Instructor Profile: John Berry

Music Business Instructor John Berry

Learning how to survive and prosper in the audio/music industry is an important part of the training that students receive at the Conservatory of Recording Arts. We recently talked with Music Business Instructor John Berry, an industry professional himself, about what students can expect to learn from his classes.

What do you teach at the Conservatory?

The general heading is Music Business which includes: copyright, contracts, publishing and how to make money and avoid being cheated.

Tell us about your musical background.

I am the composer/arranger of several thousand works (mostly for Jazz Band), about 500 of which are published. I'm also a former member of the U.S. Army Jazz Ambassadors where I was chief arranger, assistant director and bass trombonist.

Where did you learn your skills as a musician and arranger?

I learned to write by writing, writing and writing some more. I started out by doing record transcriptions of dozens of Stan Kenton orchestra tunes. I learned to play my vile, evil bass trombone (the instrument with which I offended an entire nation) at Indiana University and privately studied with two lower brass players in the Chicago Symphony.

How long have you been an instructor at the Conservatory and what got you started in audio education?

I started about 10 years ago as a substitute teacher and it evolved into a full-time gig.
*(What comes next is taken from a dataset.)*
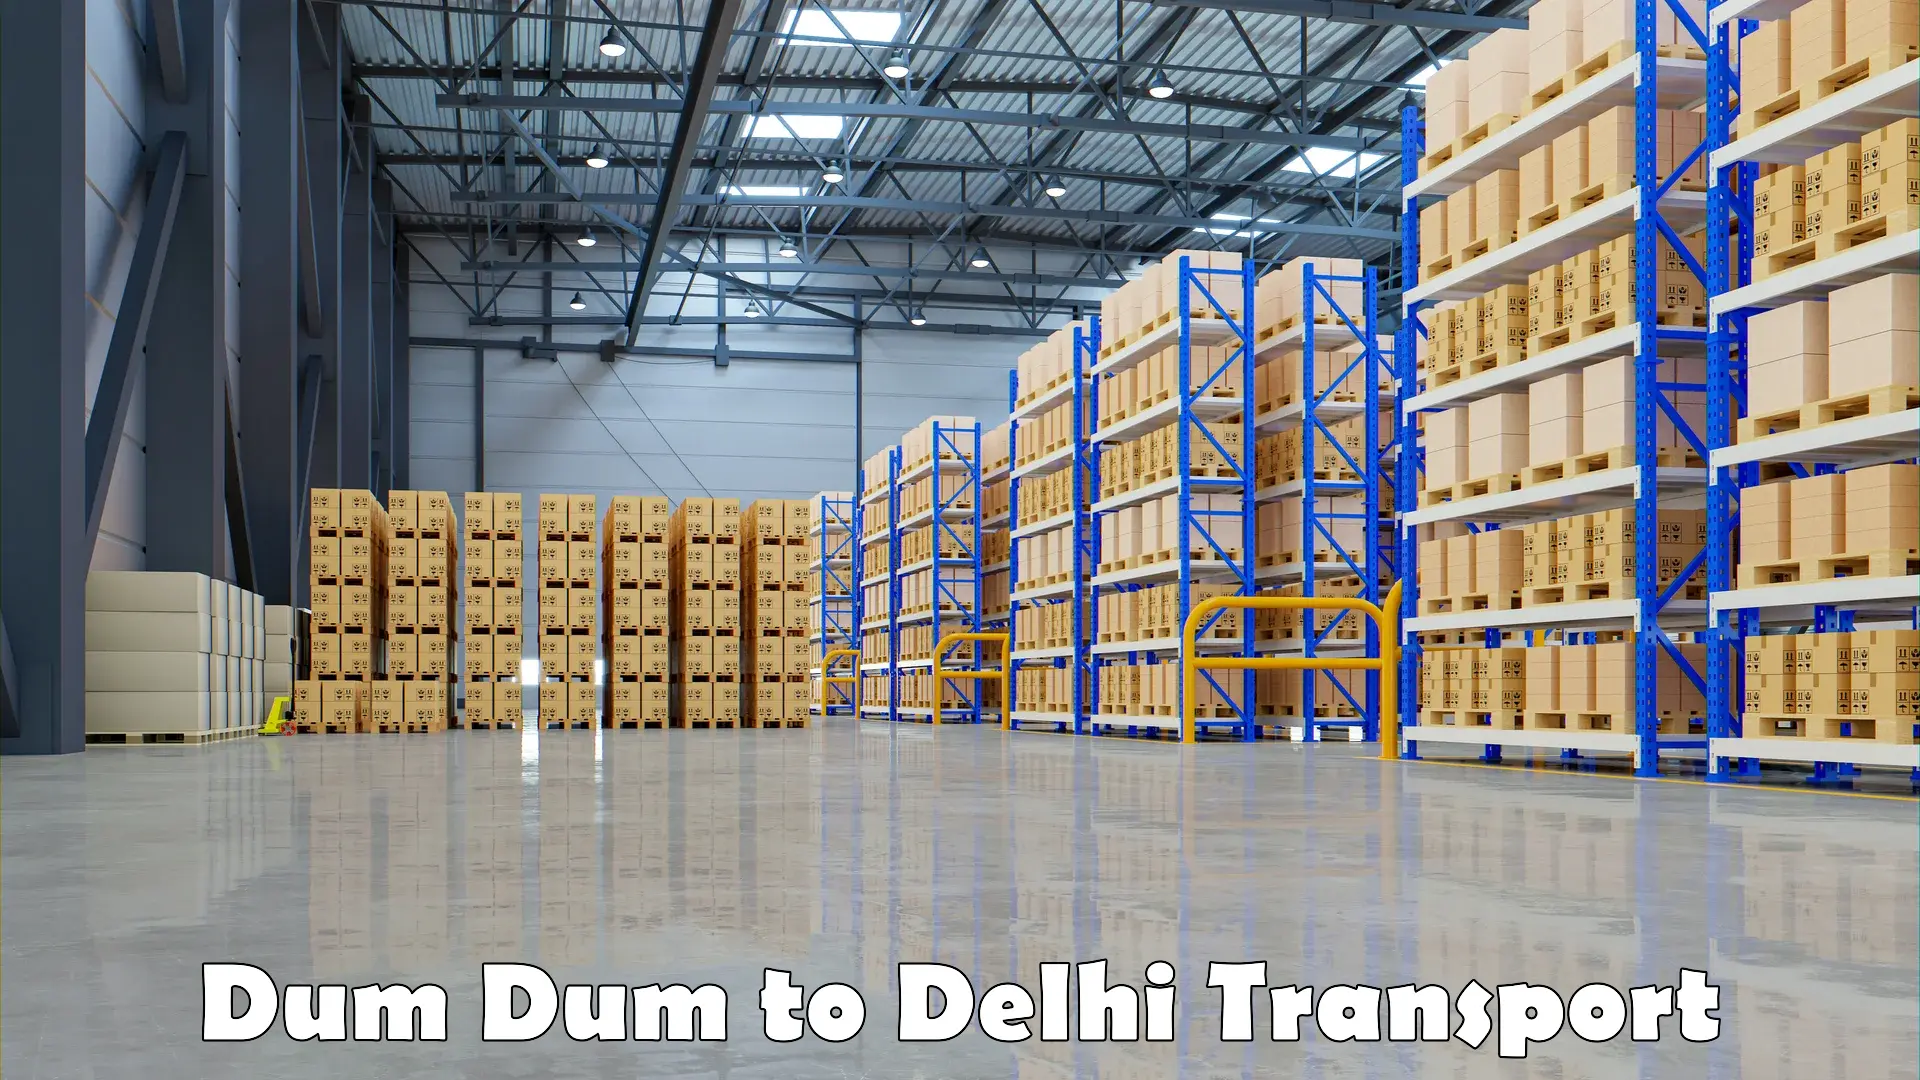 Furniture transport service Dum Dum to IIT Delhi

I have always had my own private MIDI studio, where I compose jingles and so forth. I got into sequencing and other technologies in the 80s and learned by doing and reading every manual cover to cover.

From your perspective, what is most interesting about the business side of the recording industry?

Right now, what's interesting is the great battle between the big labels and almost everyone else (Napster, other infringers, artists, equipment manufacturers, consumers, webcasters, individual businesses, etc.). I think it's heading toward a big revolution. This will escalate once consumers (and everyone else) finally get a belly full of the Labels' heavy-handed attempts to commandeer the tech world they totally ignored until a few short years ago. Beyond that, the day-to-day events in this industry are interesting – all the dangers the biz presents to anyone who doesn't know the biz.

What are some of the things a student can expect to learn from your classes?

That's simple – how to protect yourself in this very dangerous business. How to keep people from ripping off your songs (wouldn't it be awful if you wrote the number one hit song of all time, but you never earned a penny from it?), how to avoid being sued for a million dollars just because you didn't know what qualifies as illegal sampling, how to reap the rewards this business can offer without suffering the pains and losses that so many others have. Said another way, I pity the poor soul that goes into this industry without knowing how the business works!

Tell us more about what you do when you're not teaching at the school.

I still write some 12 tunes a year for Hal Leonard (mostly for jazz bands . . . at all levels), and beyond that, I relax on my "Ranch-ette" with my beautiful (and brainy) wife Robin and our menagerie – 3 horses, 1 burro, 2 dogs, 10 cats, and probably, a rattlesnake.